In Schaffhausen wird es eng. Das Kantonsspital kündigt zum Ende der Woche die Eröffnung einer zusätzlichen Isolationsstation für Covid-19-Patienten an. Das ist kein Einzelfall: Die Neuansteckungsraten in der Schweiz gehören mit einem Wert von über 1000 Fällen pro 100.000 Einwohner in den letzten 14 Tagen mittlerweile zu den höchsten in Europa.

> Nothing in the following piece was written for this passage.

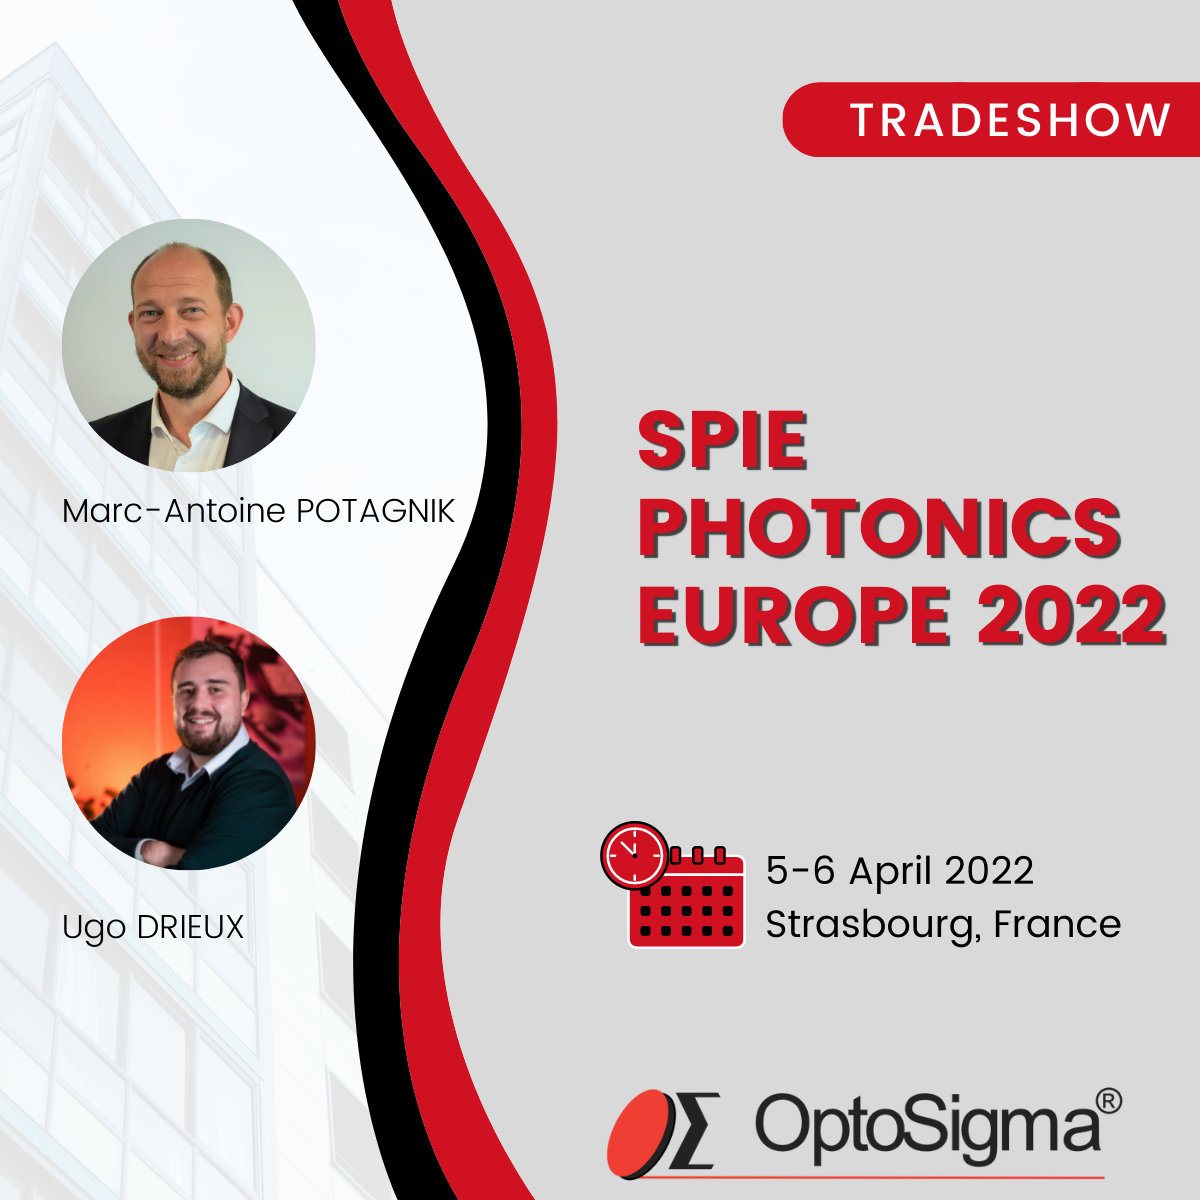 SPIE Photonics Europe 2022

Inzwischen steigt auch die Zahl der Patienten, die im Krankenhaus behandelt werden müssen. Jetzt soll die Armee helfen: Ob der stark steigenden Infekionszahlen in der Schweiz hat der Bundesrat gerade beschlossen, bis zu 2500 Soldaten zur Unterstützung der Krankenhäuser bei der Pflege und dem Patiententransport einzusetzen.

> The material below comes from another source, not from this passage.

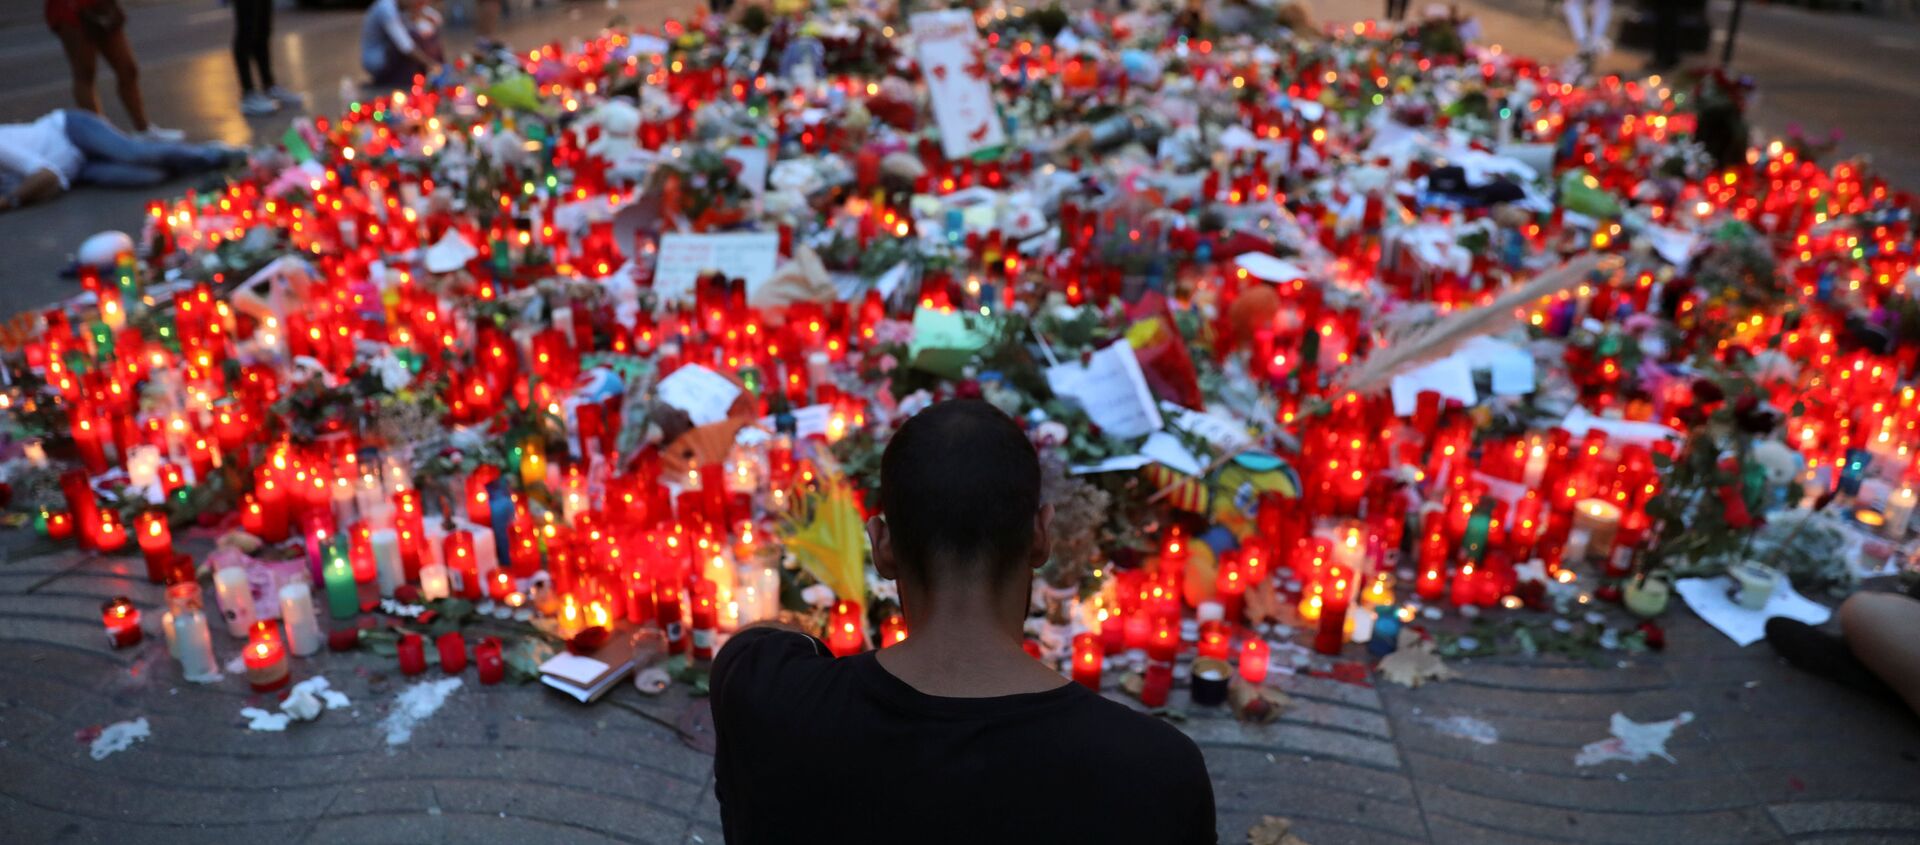 La gente rinde homenaje a las víctimas del atentado en La Rambla, Barcelona (archivo) - Sputnik Mundo, 1920, 06.08.2018

Noch ist Platz – doch die Spitäler warnen
Die Lage spitzt sich zu. Zwar ist auch in der Schweiz eine Auslastung der Intensivstationen zu 75 Prozent Normalität. Von 1121 Intensivbetten schweizweit sind nach Daten vom 3. November des zuständigen Koordinierten Sanitätsdienstes (KSD) 809 belegt. 362 davon sind Covid-19-Patienten. 312 Intensivbetten sind also noch frei im Bund. Noch gibt es Platz in den Krankenhäusern.
Dennoch warnen Kliniken in Schwyz und im Wallis schon jetzt vor Überlastung. Denn die Erfahrung zeigt, dass Patienten, die zunächst isoliert, aber auf der Normalstation behandelt werden, nach fünf bis zehn Tagen auf der Intensivstation versorgt werden müssen.

In Schaffhausen liegen 15 Patienten isoliert im Krankenhaus, aber nur drei davon auf der Intensivstation, wie aus Angaben des Kantons Schaffhausen hervorgeht. Zwei müssen beatmet werden. Doch das Kantonsspital verfügt nur über acht Intensivbetten, davon sind fünf Beatmungsplätze. Die Kapazitäten sind also begrenzt. Doch die Zahl der Infizierten steigt. Im 80.000-Einwohner-Kanton gelten derzeit 838 Menschen als infiziert.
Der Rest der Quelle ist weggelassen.